До чего ужасно и противоречиво мое здесь положение, ты просто не поверишь. Ведь, я любого тюремного надзирателя — чекиста считаю своим — а он меня называет «гражданин», смотрит, как на преступника, хотя корректен. Я тюрьму считаю своей. Я почти месяц не хоту на прогулку, чтобы не видеть взглядов, которые на меня бросают часовые, — лучше сидеть в_ дыре своей, только не встречаться с людьми, которые думают про меня плохое. Это состояние так мучительно, горечь и обида так велики, что думаешь все время о том, как уйти от этой действительности…

Первое время я уходил так, что все время читал и ночи напролет писал. Разреши для отдыха мне (ибо у меня страшно разболелась голова от волнения) сделать перерыв и перейти к моей работе. (Я здесь кончил книгу), — это другая тема, и я чуть-чуть успокоюсь.

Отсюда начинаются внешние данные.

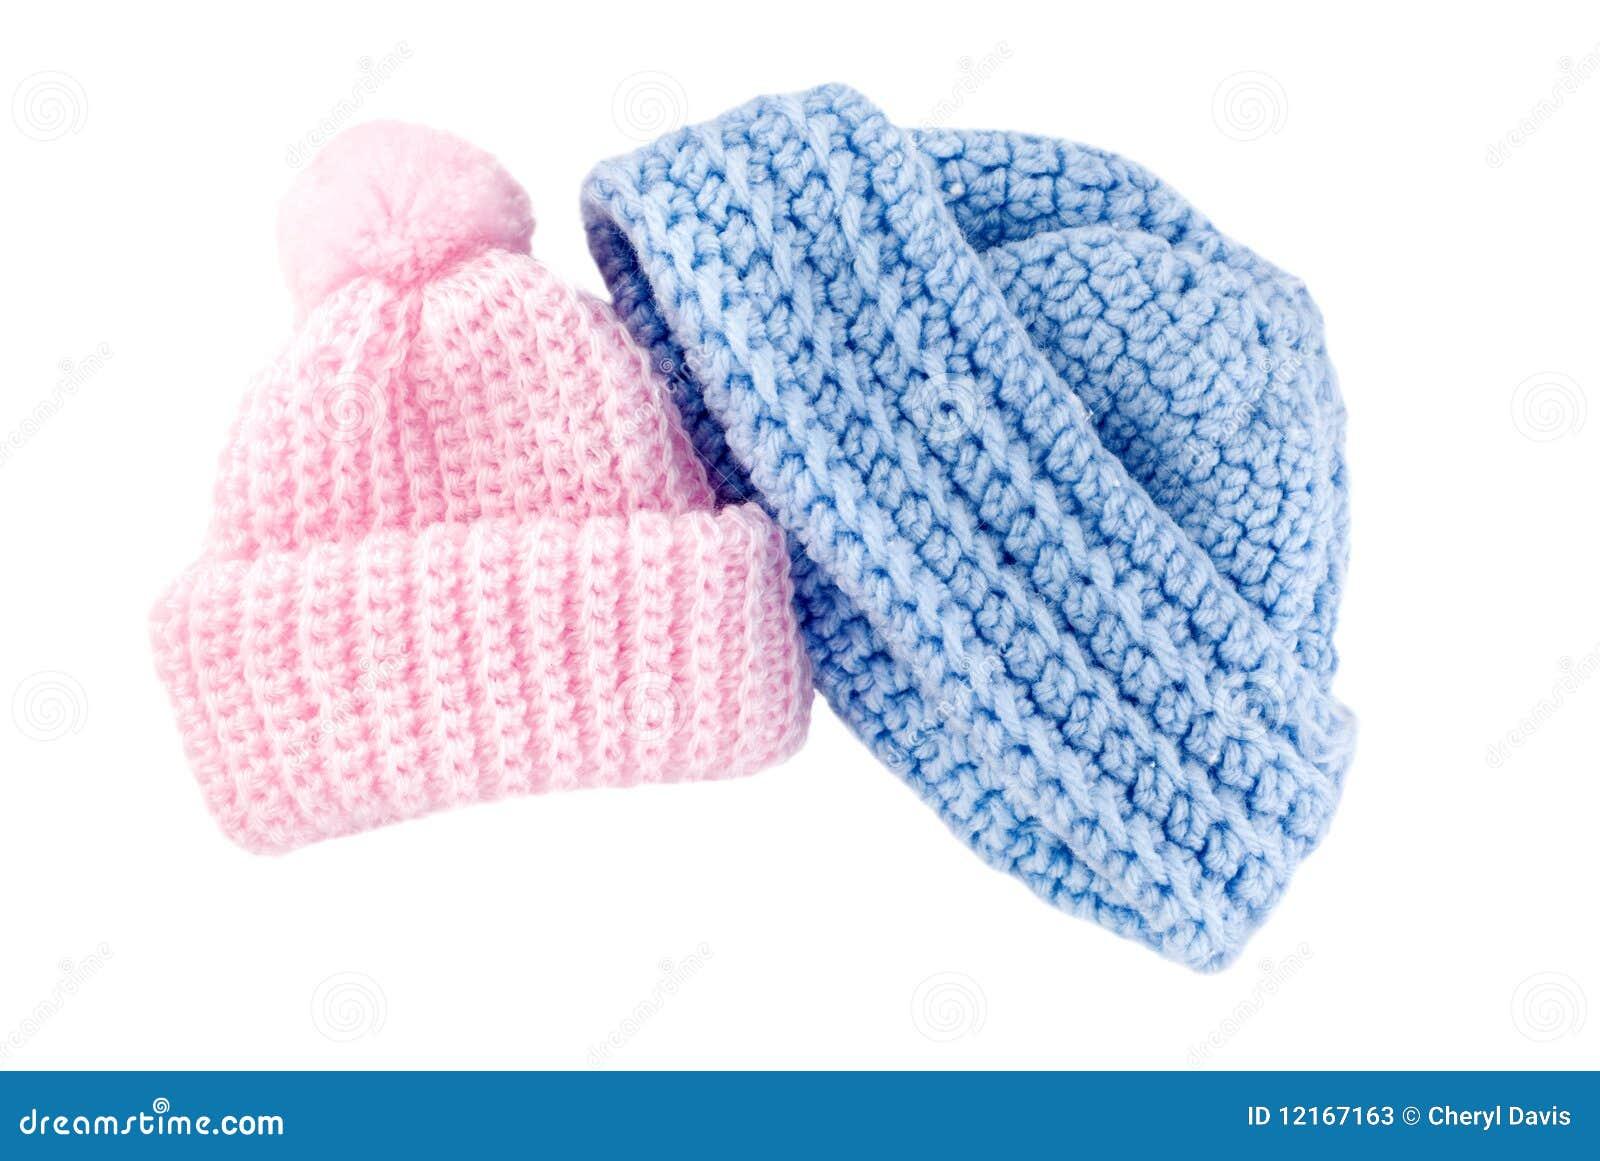 男婴钩针编织的女孩帽子

Книгу я задумал написать, когда был за границей для покупки архива Маркса. Я ясно видел, что широкие круги интеллигенции нюхают воздух.: с кем итти; что интерес к СССР огромен; что, однако, эти круги интересуются специфическими вопросами, на которые часто у них с нашей стороны нет ответа. Огромный успех моего доклада в Париже объяснялся, как мне говорили, тем, что я поставил ряд именно таких вопросов. Тогда я и задумал написать книгу на эти темы. Не скрою и того, что и здесь у меня были мечты и надежды. Я думал, что ты ее прочтешь, хотел ее тебе посвятить и просить тебя написать маленькое предисловие, чтоб все знали, что я целиком признаю себя твоим, а теперь и твоим учеником, открыто выступал именно так. Думал: ну, вот, это тоже будет точка над i ,пусть больше никто не осмелится трепаться. И это полетело все прахом!..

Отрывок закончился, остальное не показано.